◆ **Activity**: Write every line below out again exactly, images omitted.

-------

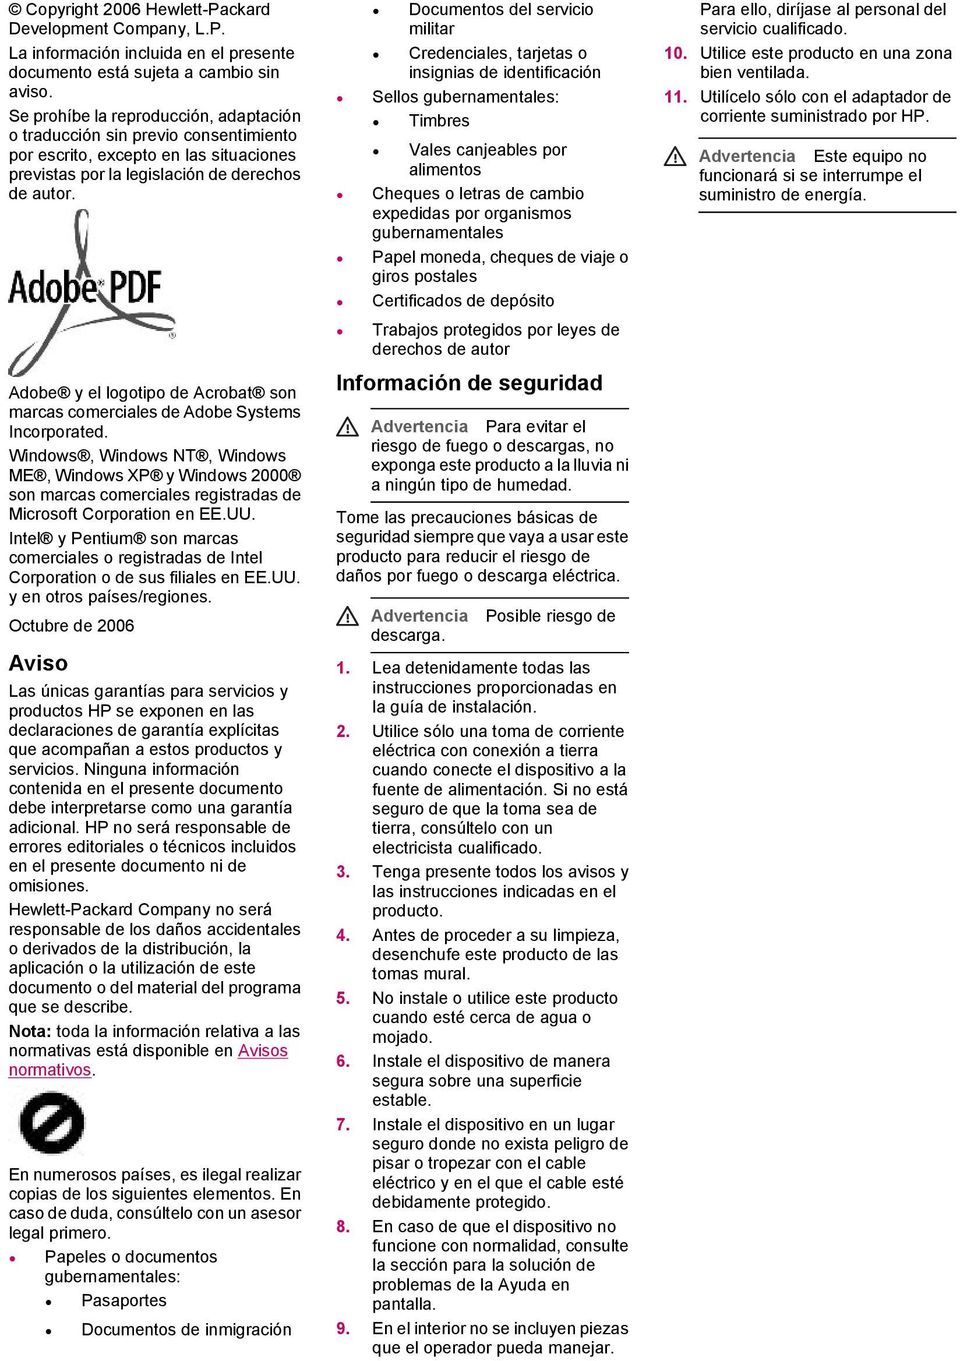 Adobe y el logotipo de Acrobat son marcas comerciales de Adobe Systems Incorporated.
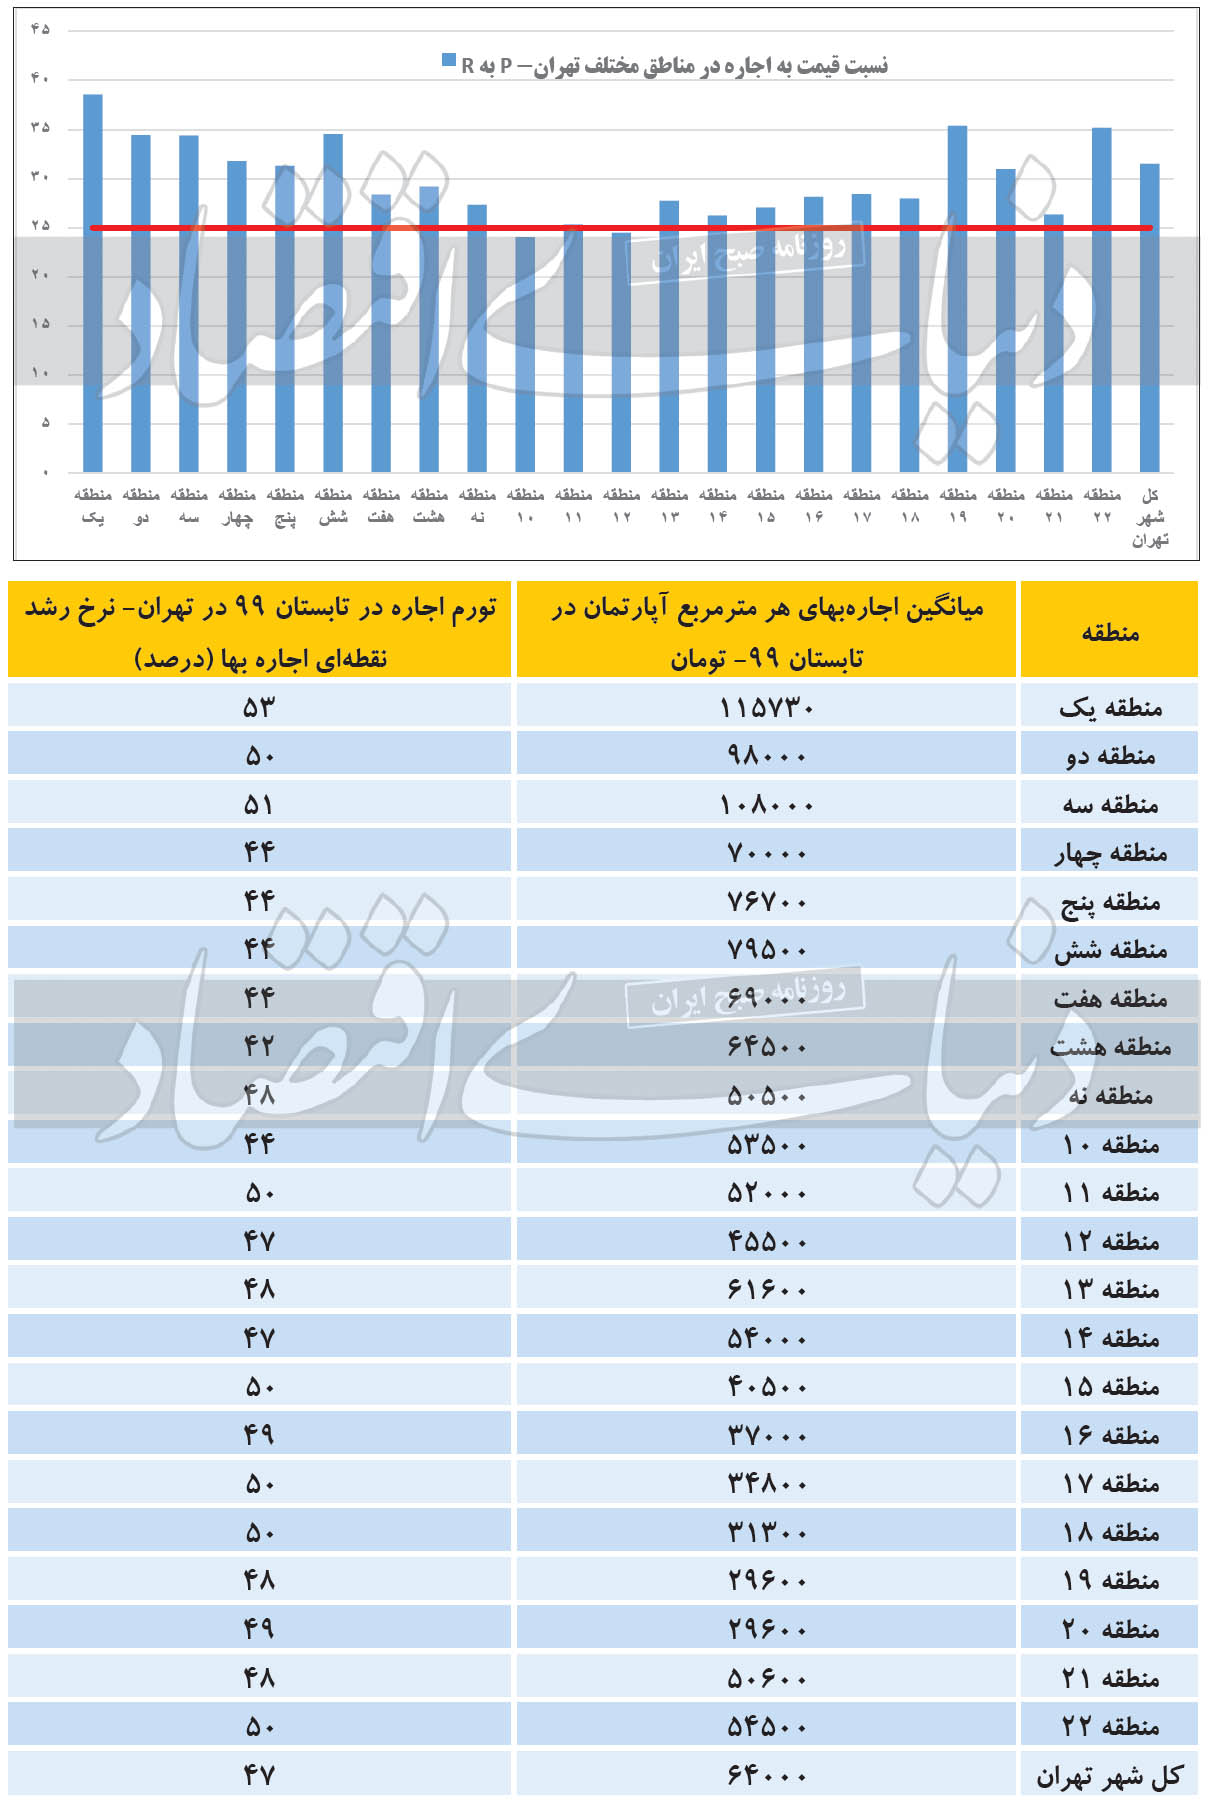 بازار مسکن مناطق ۲۲ گانه تهران در تابستان ۹۹
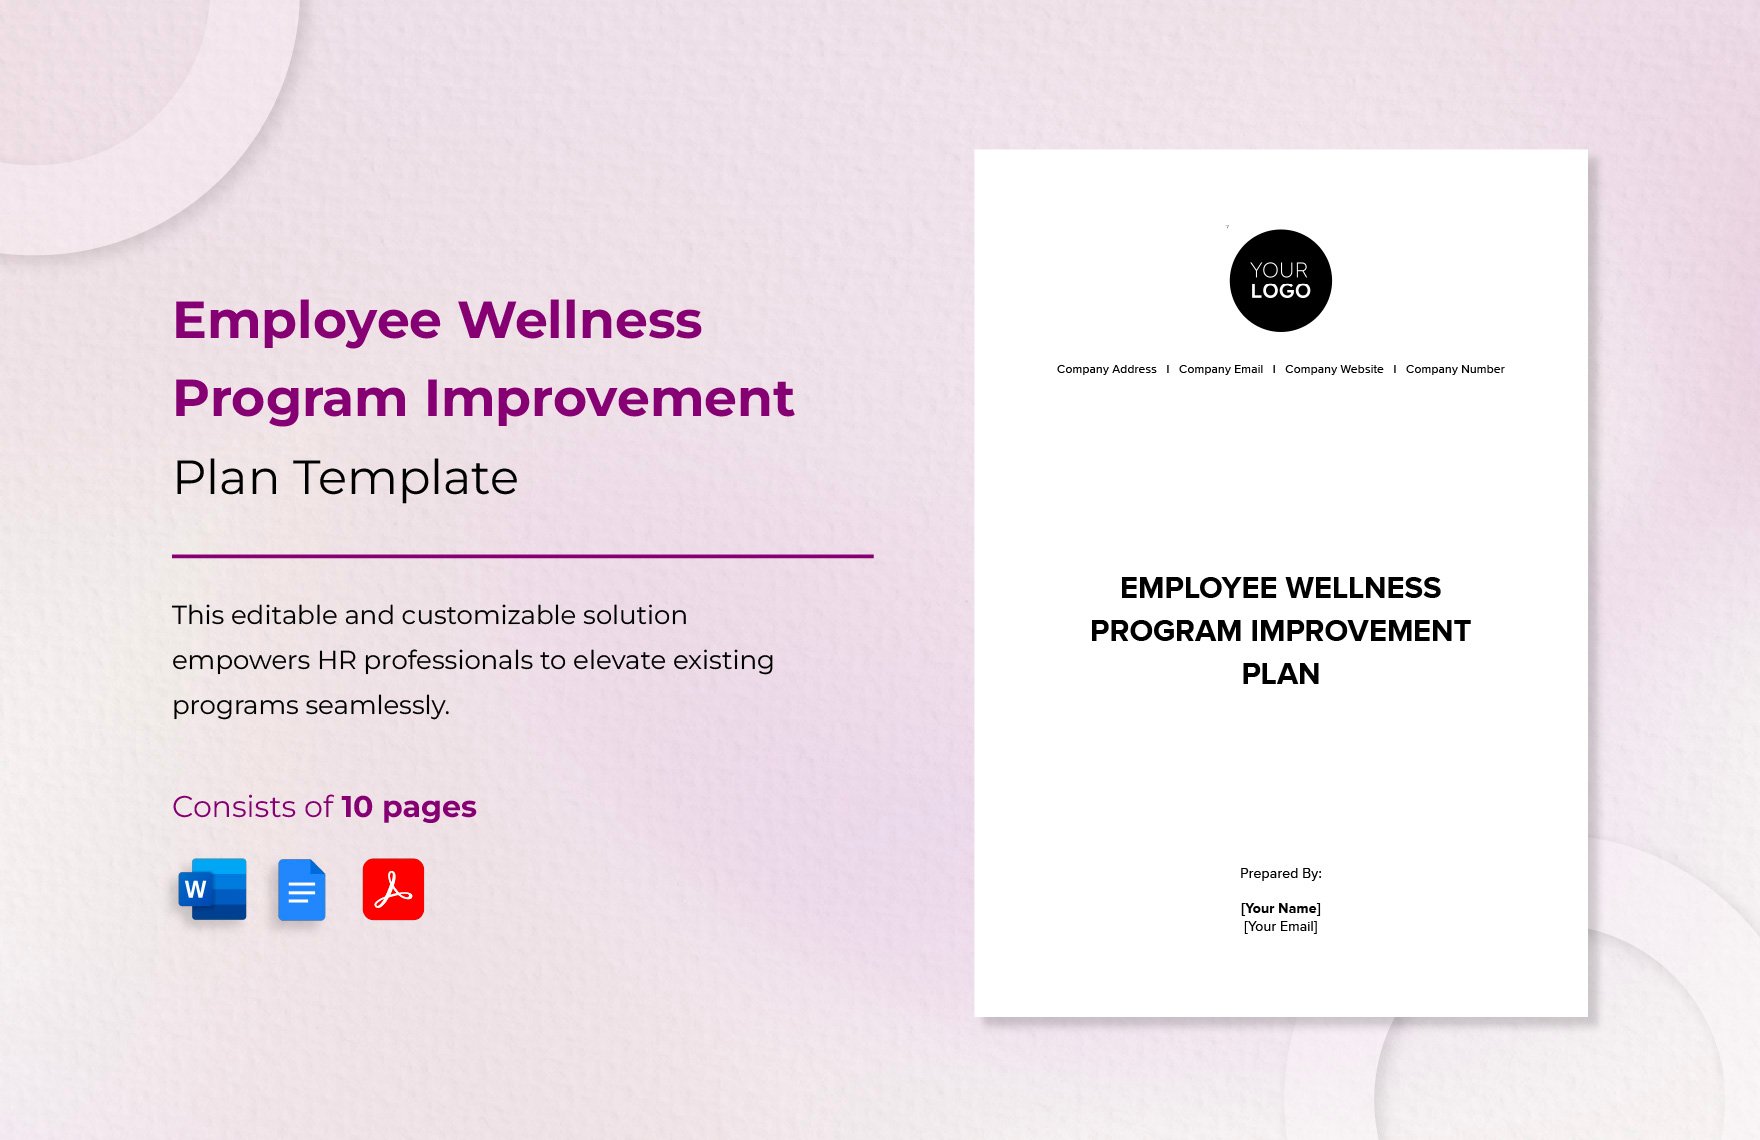 Employee Wellness Program Improvement Plan Template
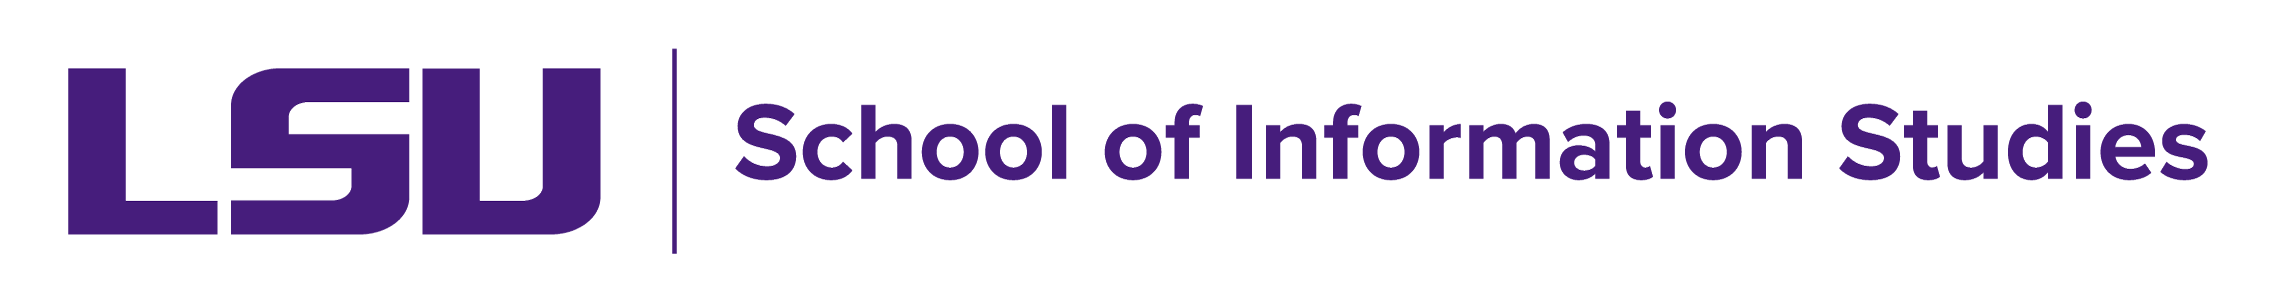 School of Information Studies Logo
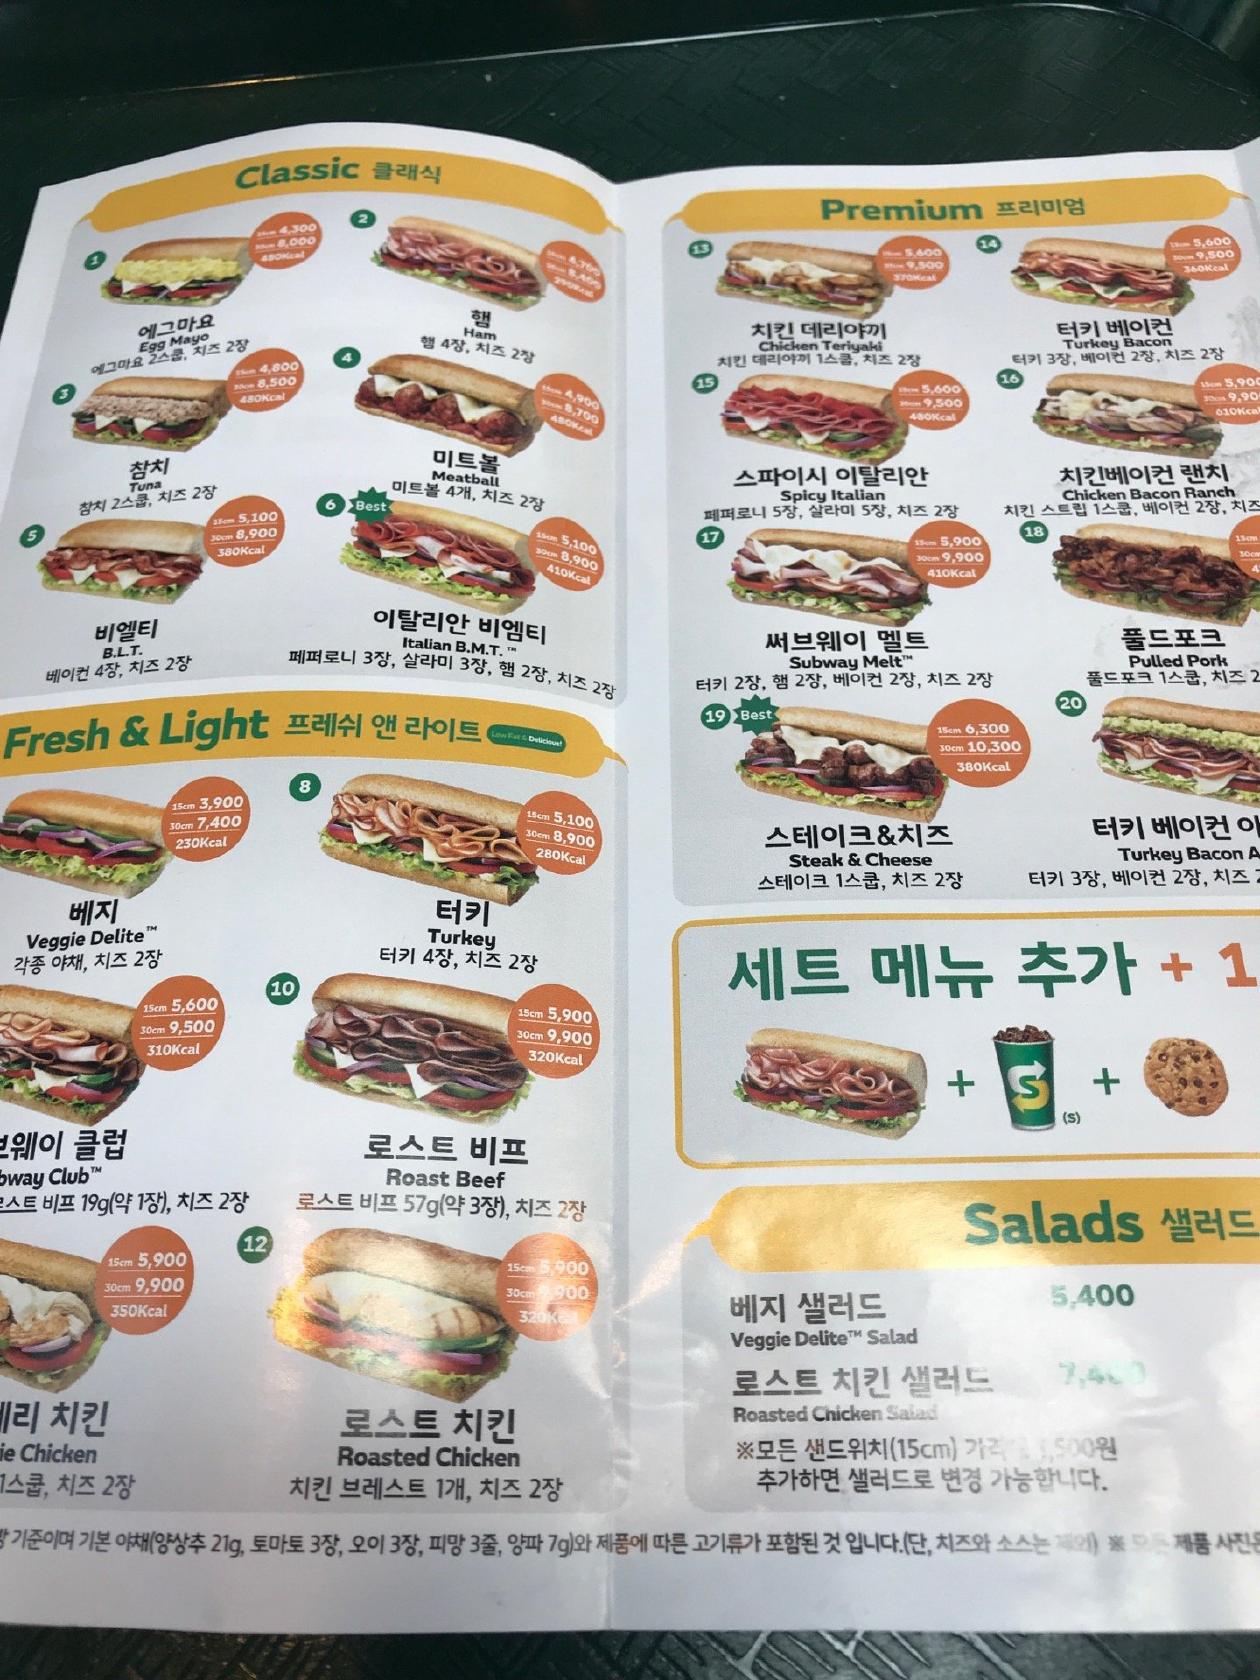 Menu at Subway restaurant, Seongnam-si, Sampyeong-dong

-------

◆ **Task answer**:
 Adobe y el logotipo de Acrobat son marcas comerciales de Adobe Systems Incorporated.
 بازار مسکن مناطق ۲۲ گانه تهران در تابستان ۹۹
 Employee Wellness Program Improvement Plan Template
 School of Information Studies Logo
 Menu at Subway restaurant, Seongnam-si, Sampyeong-dong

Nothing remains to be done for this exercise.